We speak only when spoken to, and then only from necessity.  He works late and so do I.  We live side by side, but a chasm separates us.  We are completely alone in our togetherness.  Neither of us can stand the emptiness of the house, our marriage, the hollowness of our dual lives.  Likewise, neither of us is willing to chink away at the walls we have carefully built up to protect ourselves.  These walls of protection are also our prison.  They shield us from hurt and vulnerability just as easily as they deny us love and laughter.

            Who can say when we cemented the first bricks in the wall?  Was it the year he forgot my birthday or was it one of the many times I rolled away from him in bed and said I was too tired?  Perhaps it began when he started working late.  Maybe it was when I got my promotion.  I was so thrilled with a new sense of “me”, I forgot to notice how he felt.  When did we start spending more time apart than together?  I can hardly remember, it happened so gradually.

            Every bit of resentment harbored, each angry thought, cements together the singular events.  Taken alone, they seem harmless enough, but collectively, now stand as a veritable fortress between us.

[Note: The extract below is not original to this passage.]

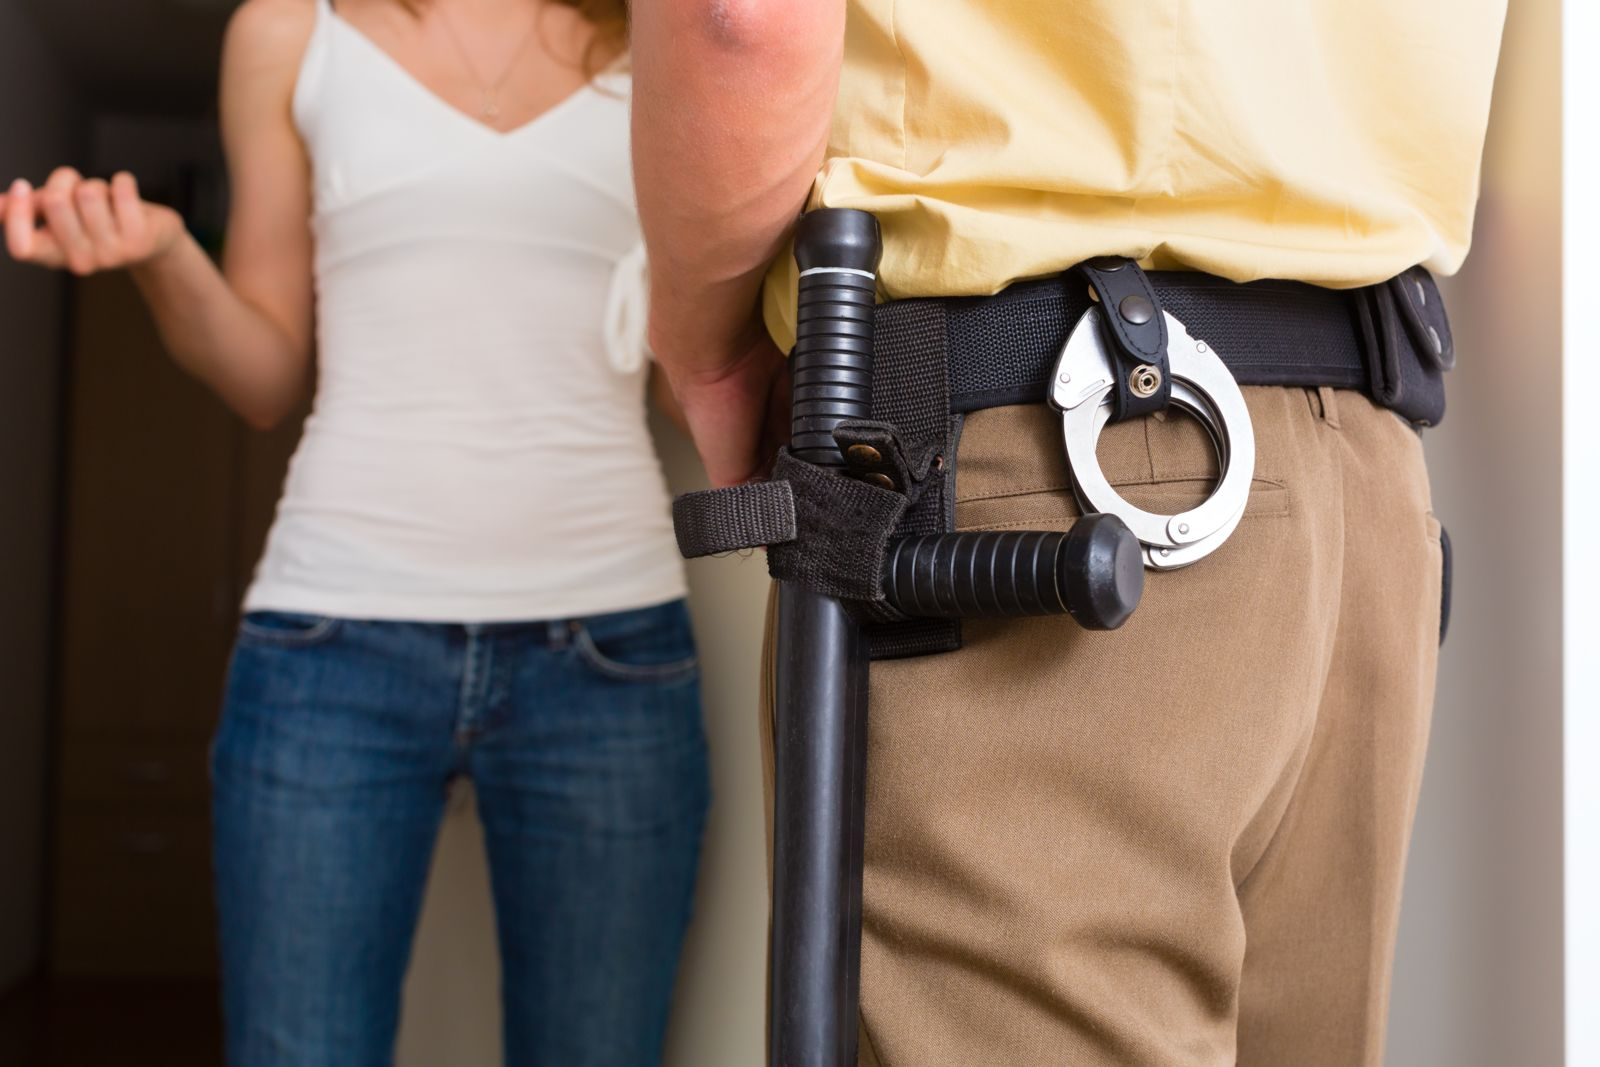 police search warrant

            I want to be brave, brandish my tools, and start chipping away at our differences, but always I am held back by the two false friends I cling to, weariness and apathy.  It puzzles me that the easy warmth and caring, a trademark in my other relationships, eludes me so perfectly in this one, the one that matters most.

            He comes home late.  Again.  For the first time in ages, I wait up for him, cradled in the softness of the bed.  Our bed.  A look of confusion and surprise crosses his face momentary and then…hope.